Walking stick/Cane/Umbrella

Proper ladies and gentlemen did not as a rule venture out of doors without carrying a walking stick, a cane, or an umbrella. Various nationalities developed schools of self-defense around these common objects. The best-known of these was La Canne, promulgated by Pierre Vigny. Today La Canne can be taught in various forms, some more recreational, others more practical. We favor the more practical style.

Grand Bâton

A larger, heavier walking stick generally used with two hands. As explained by Dr. Ken Mondschein in The Art of the Two-Handed Sword, the older martial art of the giant sword called the spadone or montante evolved over time into the 19th Century techniques of the grand bâton, and so by practicing this weapon we are preserving a link to the fighting arts of the middle ages.

Quarterstaff

A much longer (8 or more foot) pole used in military training, and popular among Victorians who saw it as a link to their (somewhat romanticized) past. Again, it’s on our “to do” list.

Single stick

A wooden implement used as a training stand-in for heavy one-handed weapons such as the cavalry saber.

Cutlass

A short, curved, single-edged sword. When studying this curriculum we mostly use a blunt wooden implement called a dusack, though some pretty good plastic wasters are now becoming available.

Cavalry saber

A longer, curved, single-edged sword, much heavier than the sabers currently used in sport fencing, and requiring entirely different techniques. An important sidearm for Victorian military men who found themselves on the fringes of empire fighting with locals who didn’t want them around. The subject of treatises by Sir Richard Francis Burton and Captain Alfred Hutton, the latter of whom used it as the basis of a revival of George Silver’s Elizabethan school of backsword fencing.

Bullwhip

For years we have been hosting occasional seminars on bullwhip cracking.

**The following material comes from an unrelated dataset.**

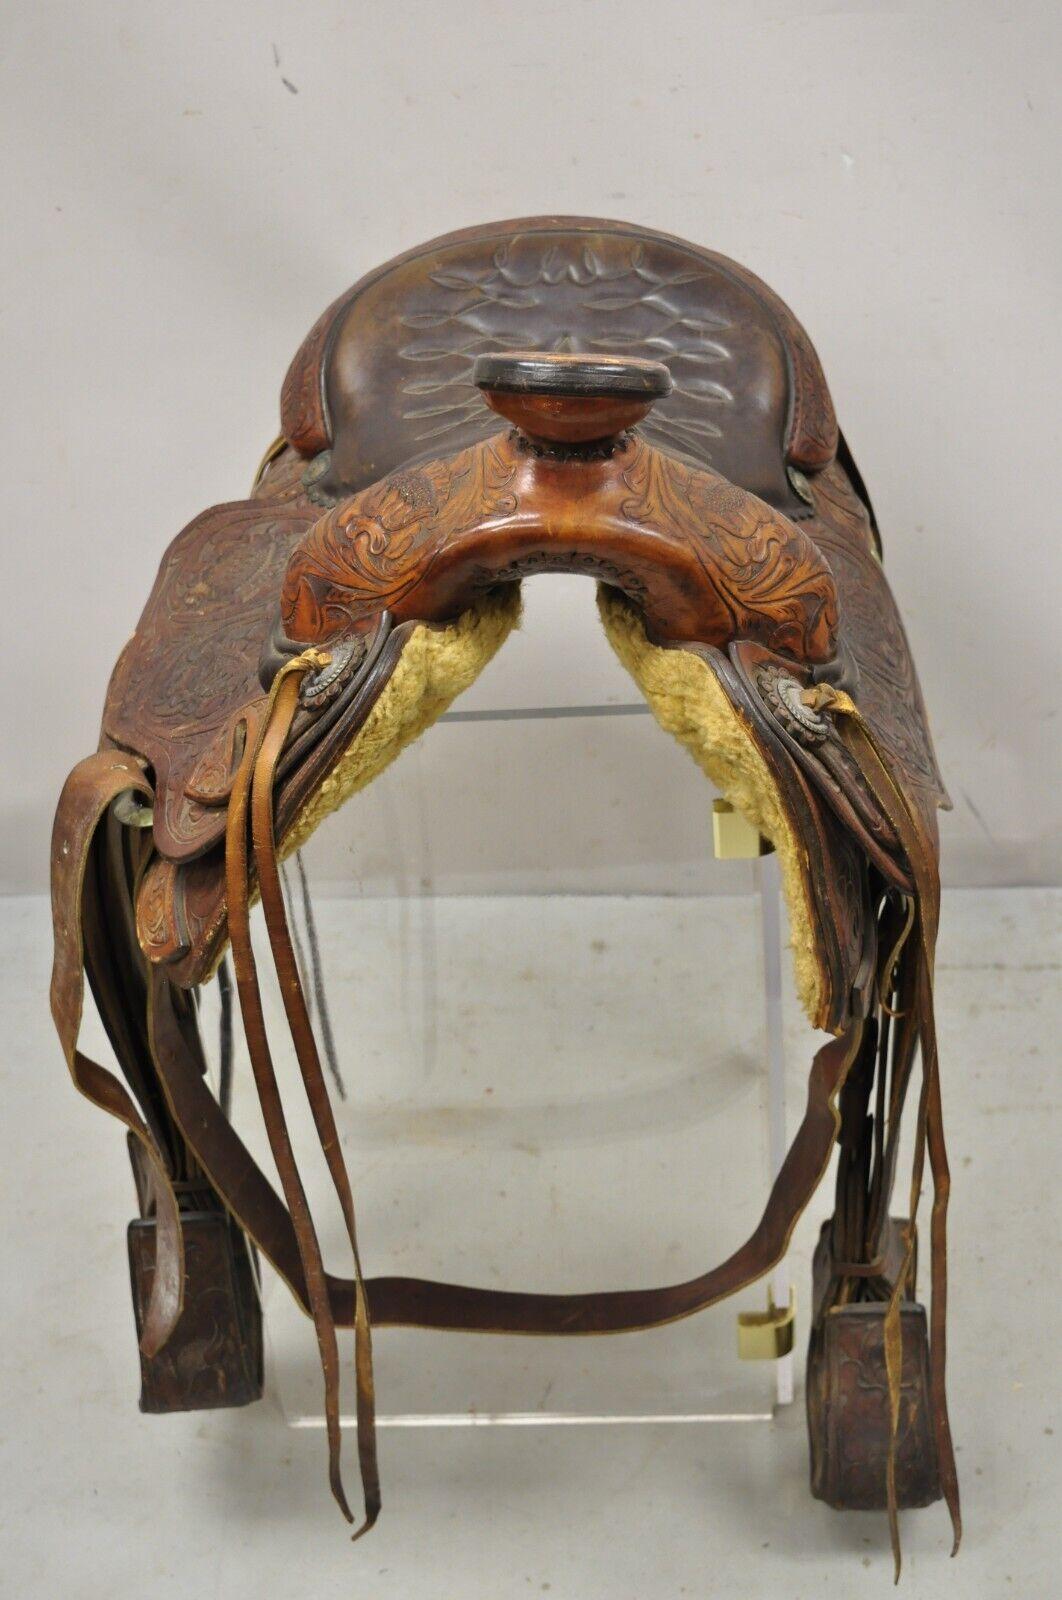 Vintage ML Leddy's Brown Tooled Leather Western Show Horse Saddle. Item features full tooled leather floral detail, original maker stamp, quality American craftsmanship. Circa Mid to late 20th Century. Measurements: 16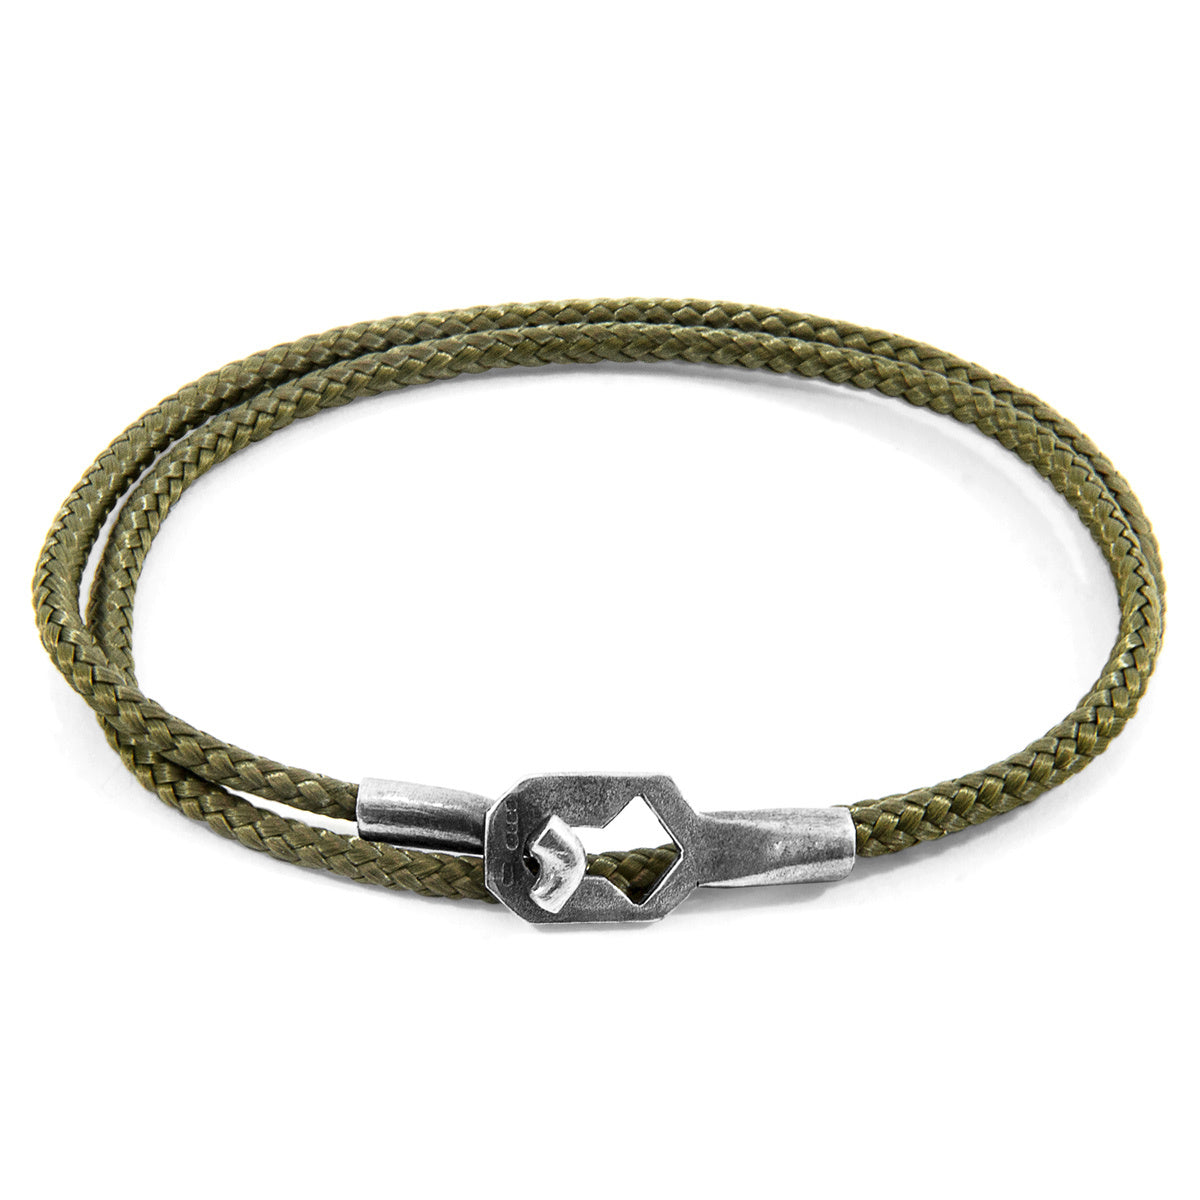 Khaki Green Tenby Silver and Rope Bracelet - Handcrafted in Great Britain with Marine Grade Polyester and Sterling Silver Clasp - Jewelry & Watches - Bijou Her -  -  -

How this all relates to practice structure

The above is a highly ambitious list of disciplines and techniques. Anyone with understanding of the martial arts will perceive that this group is designed to be broad, rather than deep. Some of the arts listed we are actively practicing right now, others we are only beginning to explore, and others are on the “to do” list for future study.

In any case, our general approach is to spend about half of each meeting doing pure physical culture work (Indian clubs, etc.) and the other half working on a specific martial art system, where we will spend several consecutive meetings focusing on one system (let us say, La Canne) before moving on to a “unit” on some other system (let us say single stick). The objective is to develop healthy and well-rounded participants.